Muscle wasting processes are regulated by a number of receptor mediated signaling pathways. The binding of IGF-1 to its receptor results in the activation of insulin receptor substrate-1 (IRS-1), which promotes the activation of phosphatidylinositol-3-kinase (PI3K). The PI3K in-turn is responsible for the addition of a phosphate group to the intramembranous phosphoinositide-(4,5)-biphosphate (PIP2) to result in phosphoinositide-(3,4,5)-triphosphate (PIP3). IGF-1 receptor mediated activation of protein synthesis is PI3K dependent. The serine/threonine kinase Akt, binds PIP3 on the membrane through an N-terminal pleckstrin homology (PH) domain and is activated by phosphoinositide-dependent kinase-1 (PDK1). The recruitment of Akt to the membrane and the activation of Akt through PDK1 promotes Akt release into cytosol to activate mTOR and other downstream effectors. mTOR can also signal upstream to further activate Akt. Akt acts on mTOR by TSC1 and TSC2, which in turn increases mTOR activity. Myostatin (MSTN) and TGF-β when activated, bind to their respective receptors and activate the Smads (Smad2/3) as well as p38 MAPK signaling. MSTN can activate FOXO directly or through the activation of smad, while TGF-β mostly signals through the Smad2/3 alone. p38 MAPK is activated by TAK1 downstream of the activin and TGF-β receptors, and it can regulate the activity of various transcription factors to control gene expression related to muscle function. Under stress, the glucocorticoids act on the muscle antagonistic to the actions of insulin, resulting in the enhancement of protein degradation, reduced protein synthesis, and marked reduction in insulin-stimulated glucose uptake. Both genetic and epigenetic mechanisms have been found to be at play in muscles that in turn regulate or are regulated through protein and glucose signaling through modulation of the insulin/IGF-1 pathway. MuRF1 possesses a GRE in its proximal promoter, and its regulation by GCs depends on GR homodimerization. In contrast, Atrogin-1 is activated through an indirect mechanism, involving competitive binding of GR with AKT leads to the downstream activation of FOXO1/3, transcriptional regulators of MAFbx, thus, indirectly inducing MAFbx expression.

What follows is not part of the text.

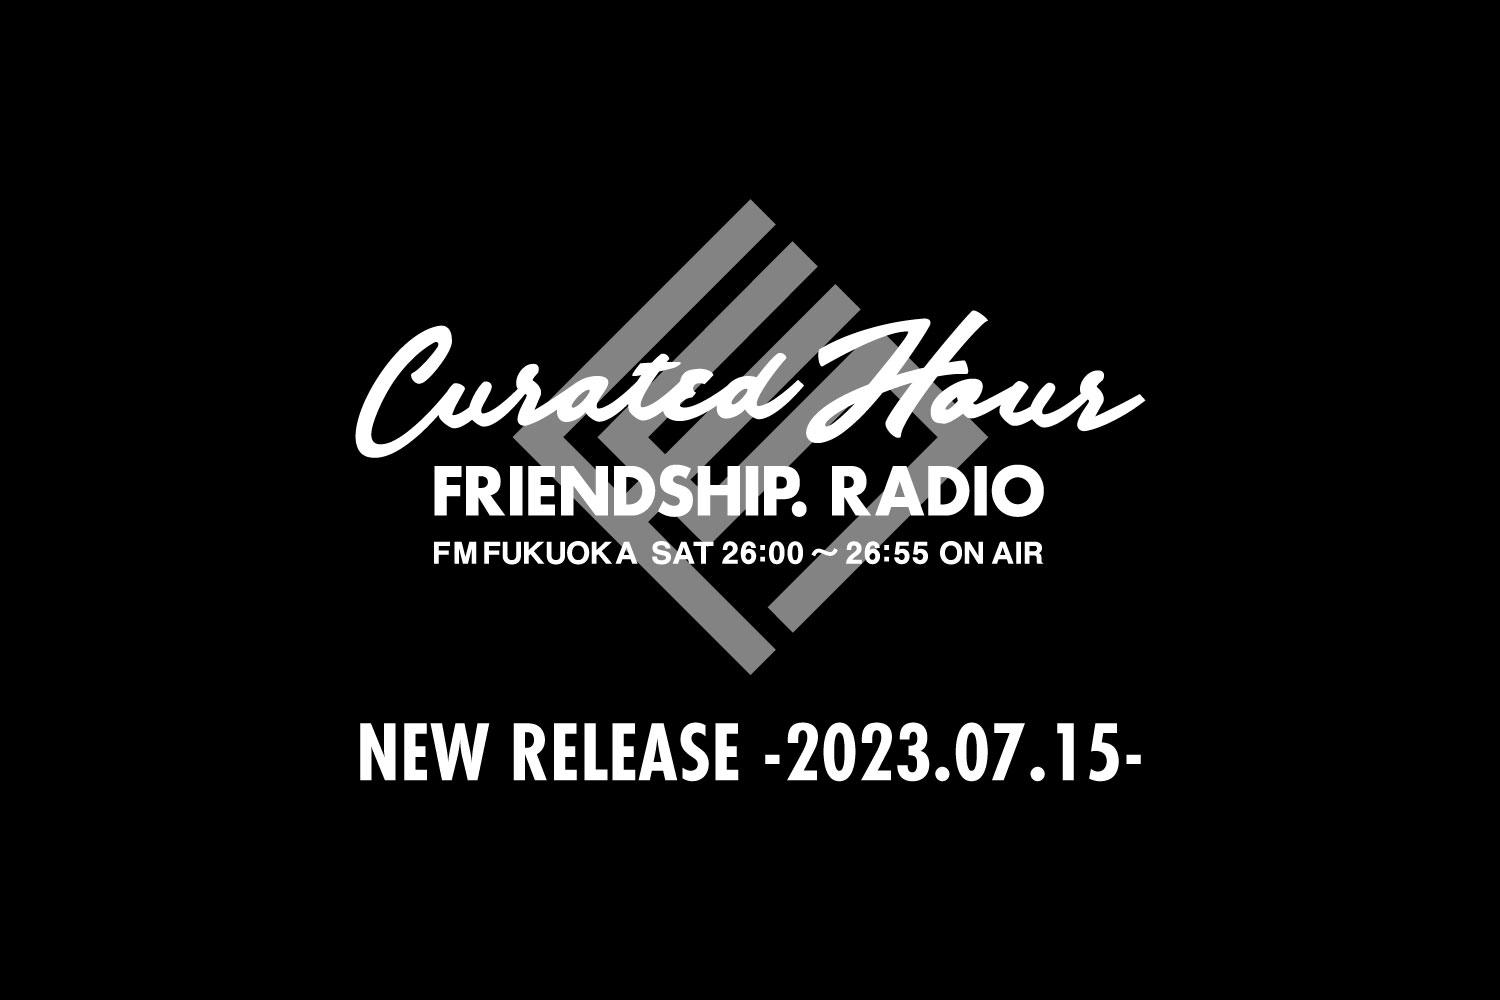 FRIENDSHIP.の最新楽曲を紹介！生活は忘れて・Limited Express(has gone?)ほか全13作品 -2023.07.15-

Figure 2. Targeting muscle wasting at the nuclear pore

In cancer, excessive activity of CRM1 results in the functional inactivation of important tumor suppressor proteins (TSPs) and cachexia preventing transcription factors (TFs). Inhibition of nuclear exporter protein Exportin1 (XPO1) by specific inhibitor of nuclear export (SINE) can induce nuclear accumulation of PGC-1 alpha and additional transcription factors that suppress cachexia causing atrogenes.

Figure 3. Role of nuclear exporter in muscle wasting (proof of concept)

[A] siRNA silencing of nuclear exporter caused re-expression of PGC1-α in human mammary epithelial cells. Snail transduced Human mammary epithelial cells (HMLE-Snail) grown in duplicate were exposed to either control siRNA or CRM1 siRNA for 72 hrs (for two passages). At the end of the treatment period RNA from each treatment condition was isolated and subjected to RT-PCR analysis. [B] MiaPaCa-2 pancreatic cancer cell lines grown in duplicate in six well plates (50,000 cells per well) were exposed to 50 nM Selinexor (a specific inhibitor of nuclear export for 24 hrs) and RNA was quantified using RT-PCR for [B] Atrogin-1 and [C] MurF1 (p<0.001) normalized GAPDH.